Envoy to Spain with the Duke of Buckingham 1623.

Biography

‘Little pretty Tobie Matthew’ was a colourful personality, assessments of whom ranged from ‘a trifling courtier, too insignificant to serve any cause’, to ‘a polished gentleman, distinguished for learning, memory, sharpness of wit and sweetness of behaviour’. He spent his youth in diversions at court, suits in law and in frequenting plays and ‘worse places’, taking no pains but ‘to give myself pleasure enough’, but of his ability and learning there can be no doubt. His translation of The Confessions of St. Augustine first appeared in 1620 and remains in use to the present day.

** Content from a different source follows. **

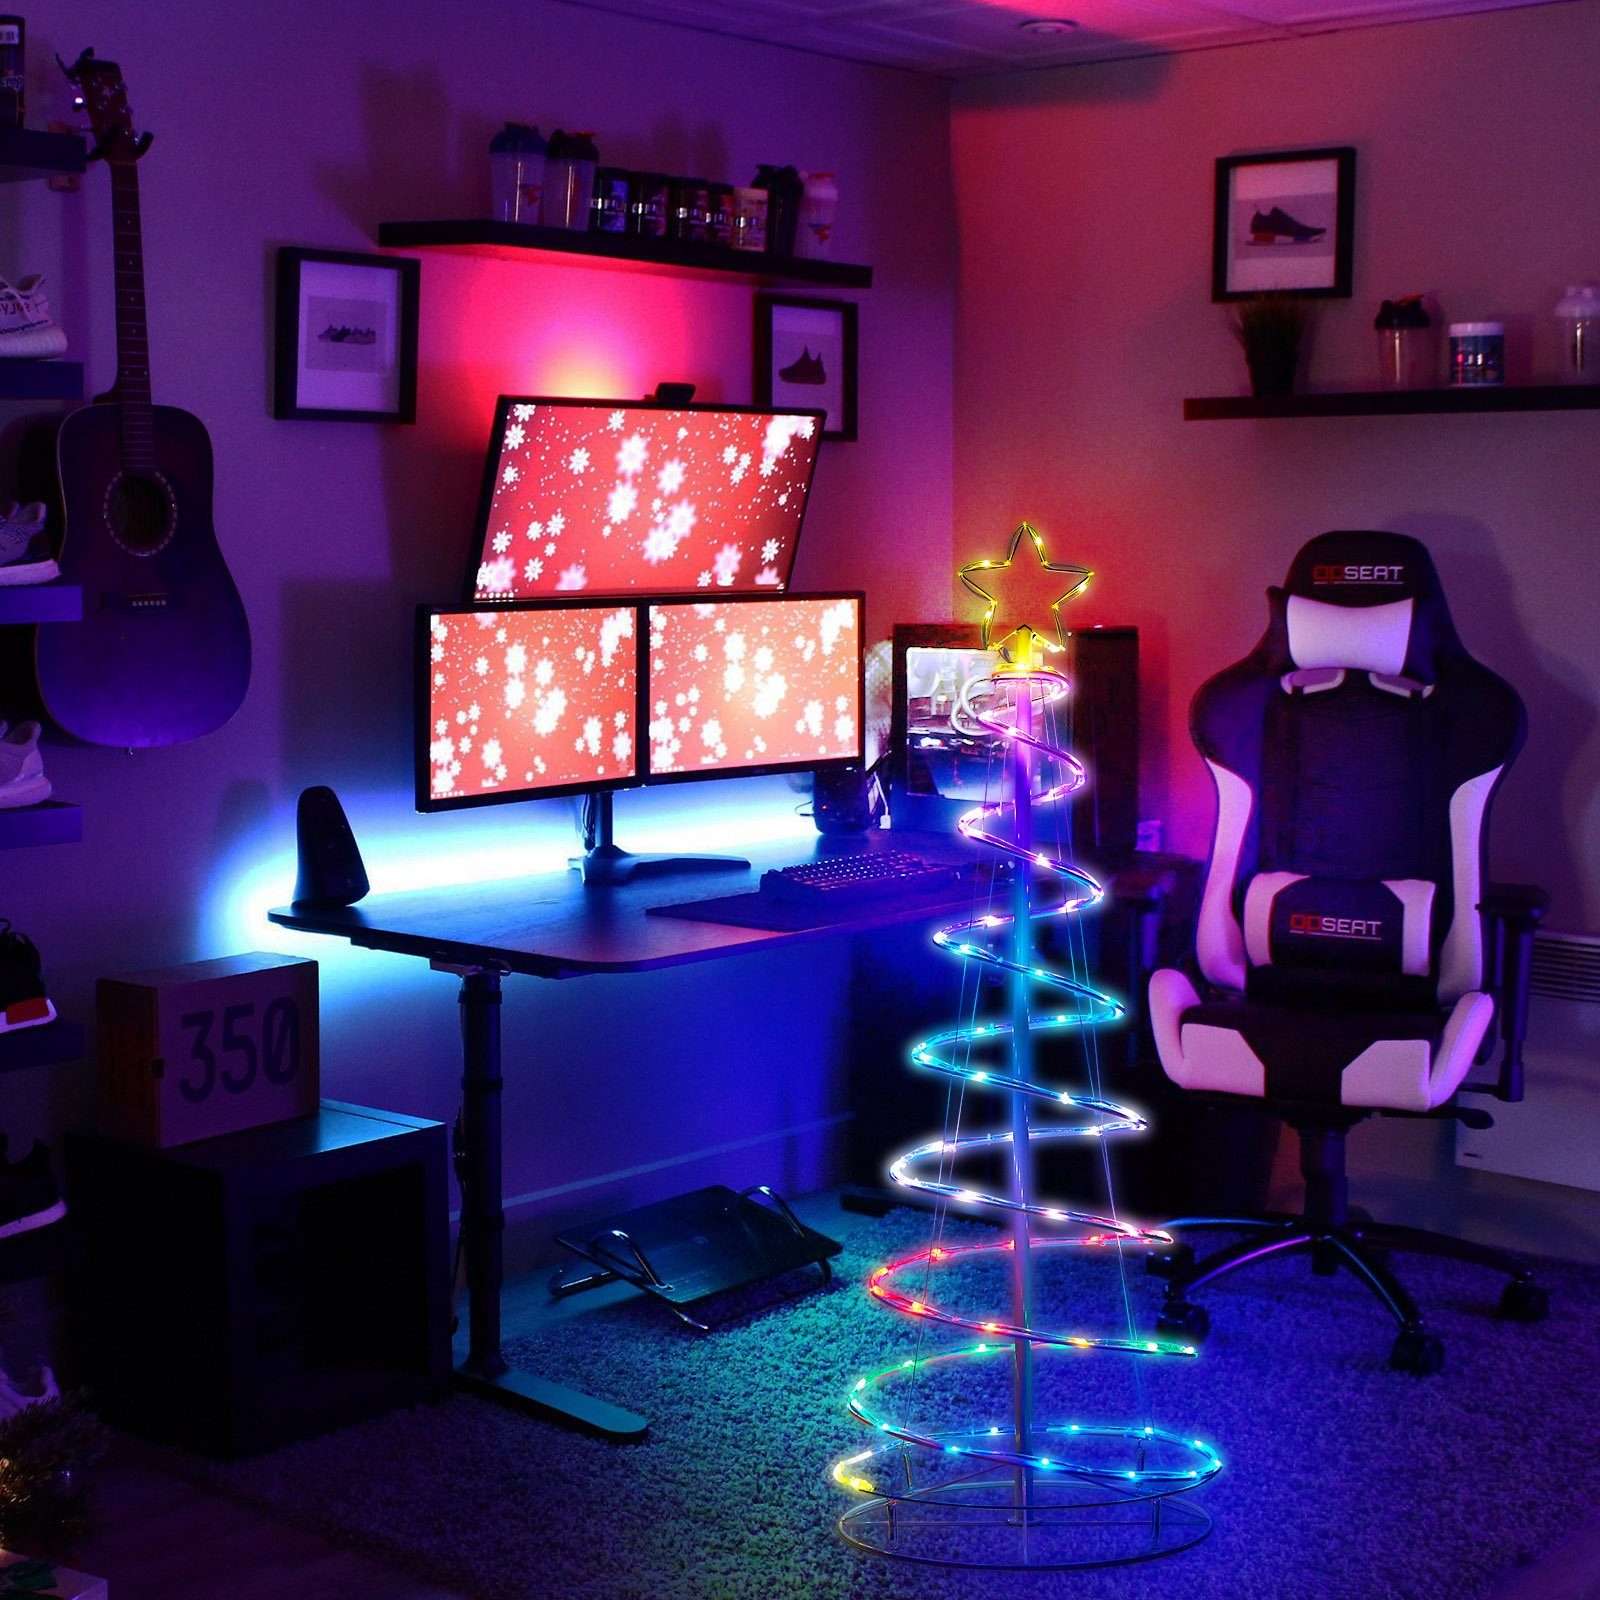 Beleuchtung Beleuchtungsmodi, Licht, Timer&Fernsteuerung, 12 Deko, Sunicol USB Zusammenklappbar, RGBW Weihnachtsbaum LED-Lichterkette 1.2m/1.5m/1.8m Bäume

At Oxford he won a high reputation as an orator and disputant. He made his début at court at the age of 18 when he appeared as the squire in a ‘device’, the dialogue of which was written by (Sir) Francis Bacon, whose subsequent friendship was one of the abiding influences in his life. It was for him that Bacon wrote his celebrated essay on Friendship, and once in a letter wrote of the ‘intireness’ between them, a quality of friendship which happily survived disagreements and long separations. Bacon, who on one occasion referred to Matthew as ‘to me another myself’, had the highest opinion of Matthew’s literary ability and Matthew, for his part, said of Bacon: ‘I passed my time with him in much gust, for there was not such company in the whole world’.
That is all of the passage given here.